In CrossFit, this exercise and its derivatives - rack clean, squat clean, chest jerk - are part of many WODs.

For a small number of repetitions, the clean and jerk is performed on near-maximum weights - 70-80 percent of the maximum. For a large number of repetitions, take no more than 30-40% of the maximum.

I would like to note that if you do CrossFit, get your equipment from a weightlifting coach. It's very common to see CrossFitters tightening the bar with their arms or swinging their backs instead of using their legs. Lifting more or less decent weight using this technique is fraught with injury.

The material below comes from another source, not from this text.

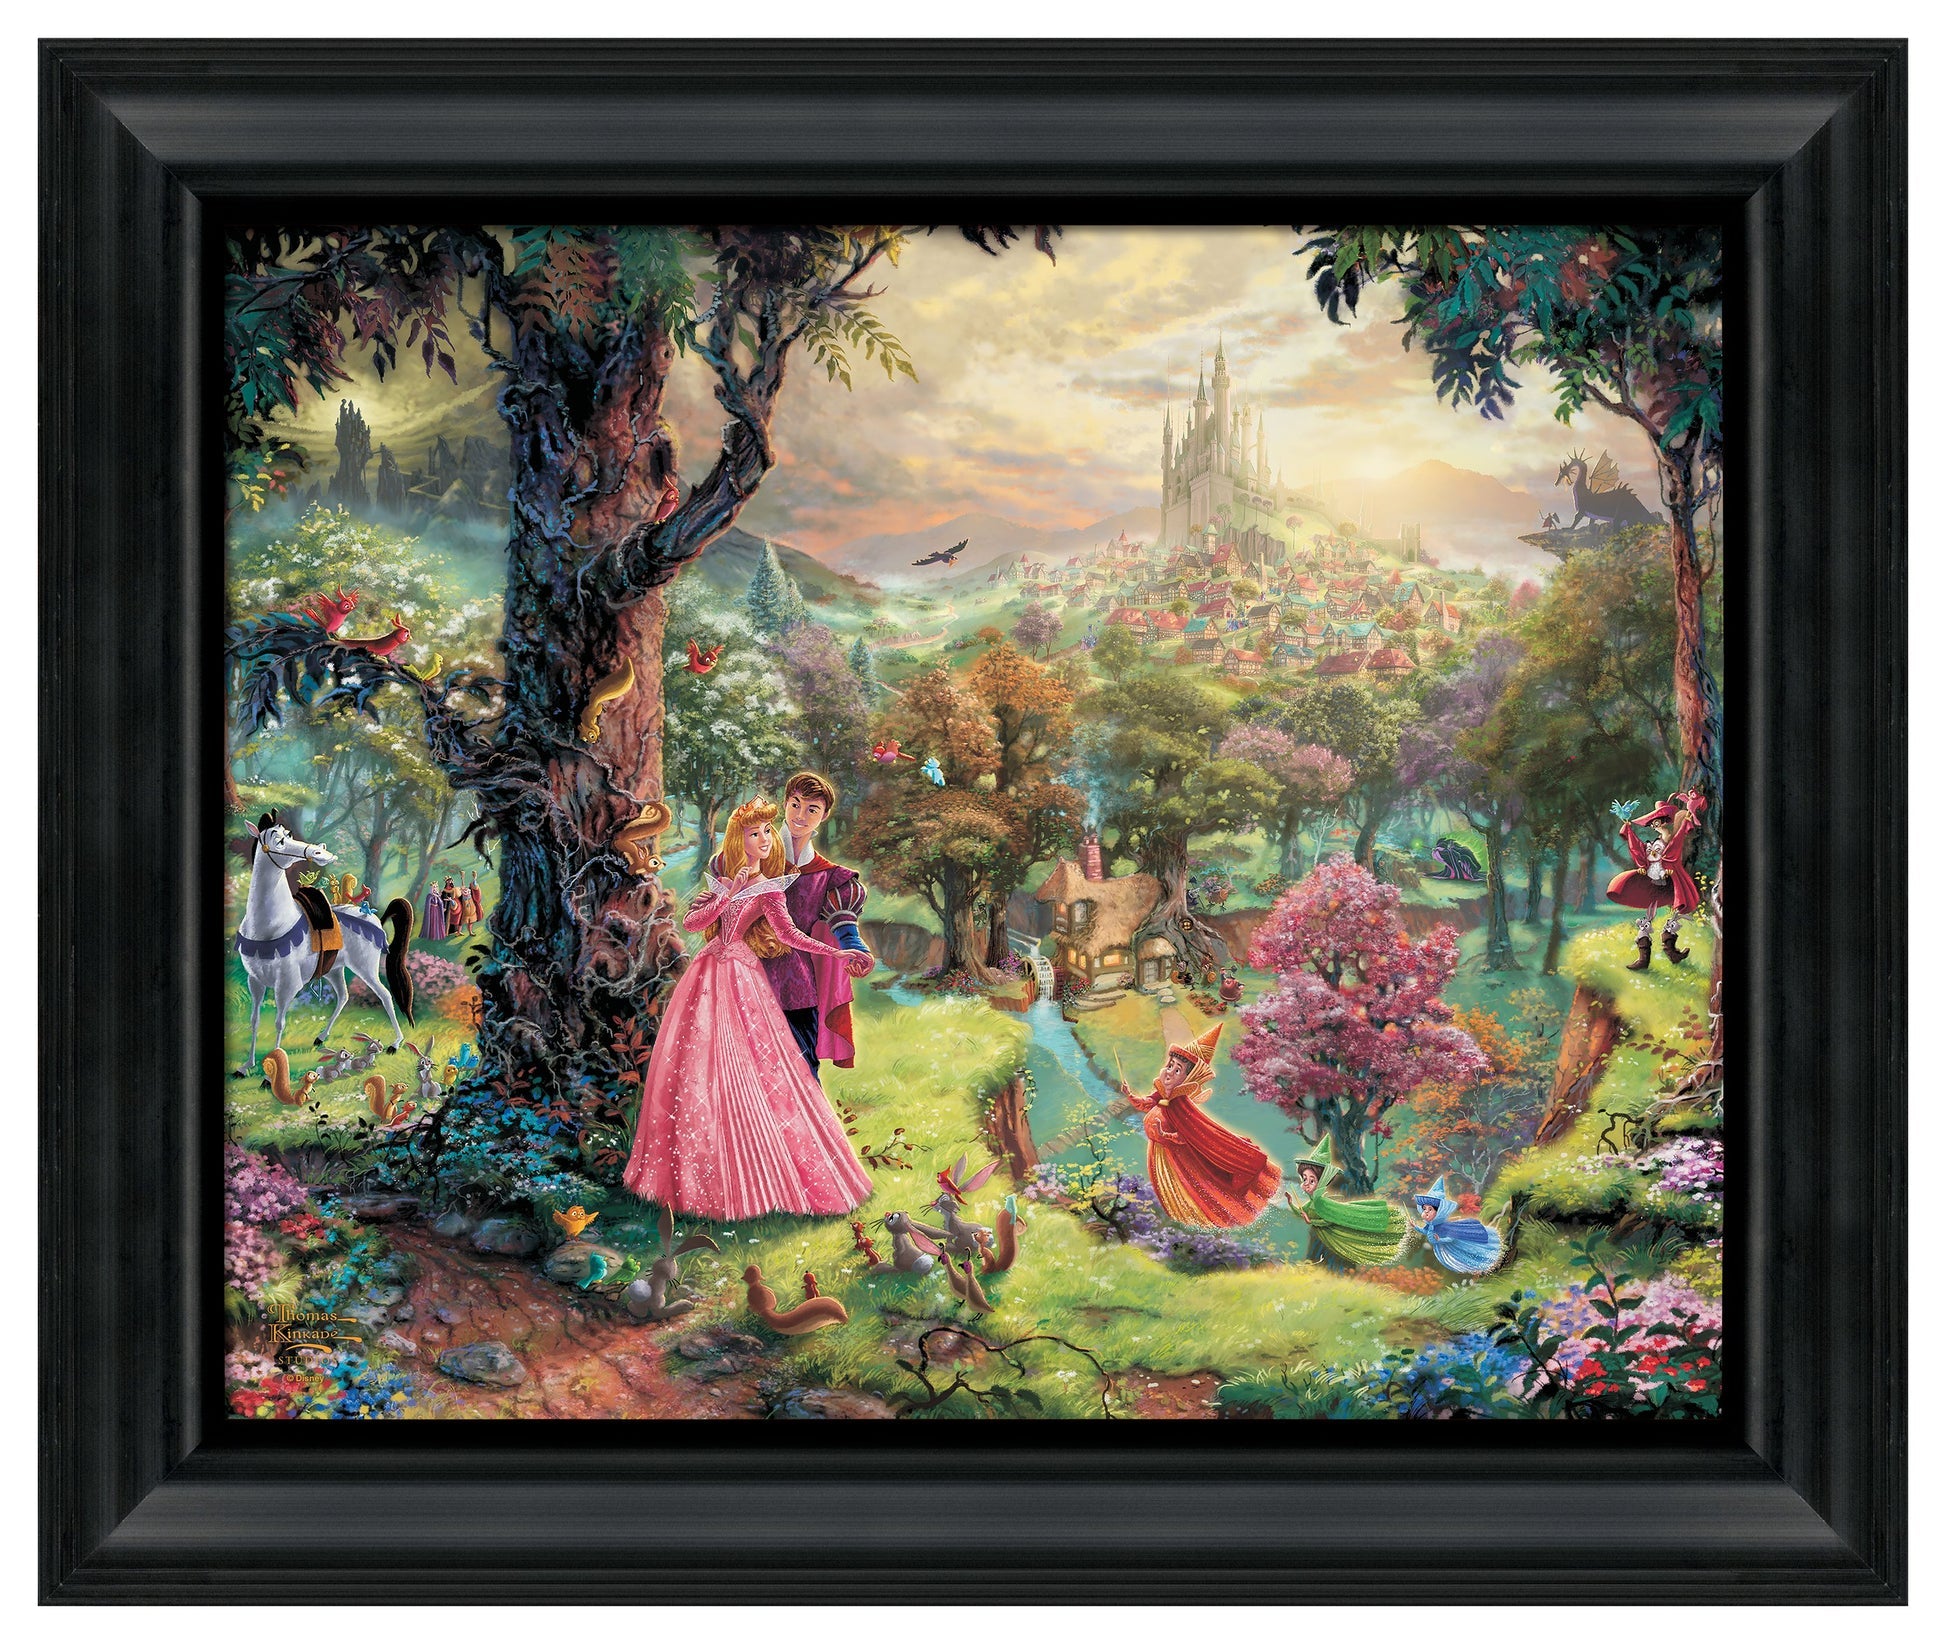 Features Princess Aurora and Prince Phillip together in the mix of all the storyline characters in the background.

Exercise: Squatting the barbell

Overall rating: 0

Main muscle:Biceps hamstrings
Secondary muscles:Gluteal muscles, Trapezius, Forearm, Lower back, Shoulders, Quadriceps, Calf muscles
Exercise type:Olympic weightlifting
Equipment:Barbell
Mechanical action:Composite
Power Type:Traction
Level:Average

Exercise: Squatting the barbell

Overall rating: 0

Main muscle:Biceps hamstrings
Secondary muscles:Gluteal muscles, Trapezius, Forearm, Lower back, Shoulders, Quadriceps, Calf muscles
Exercise type:Olympic weightlifting
Equipment:Barbell
Mechanical action:Composite
Power Type:Traction
Level:Average

Execution options

  • Hanging rise . This option does not allow you to work on the fall phase, but the back on it is activated automatically as soon as the bar is lowered in straight outstretched arms, and therefore the rise from the hang is easier;
  • Rise from pockets . It is performed with straight outstretched arms and from the level of the pockets, the goal is to practice undermining and leg movements. This allows you to gain speed, but this variation is not recommended for people with problematic spines and protrusions in the thoracic region.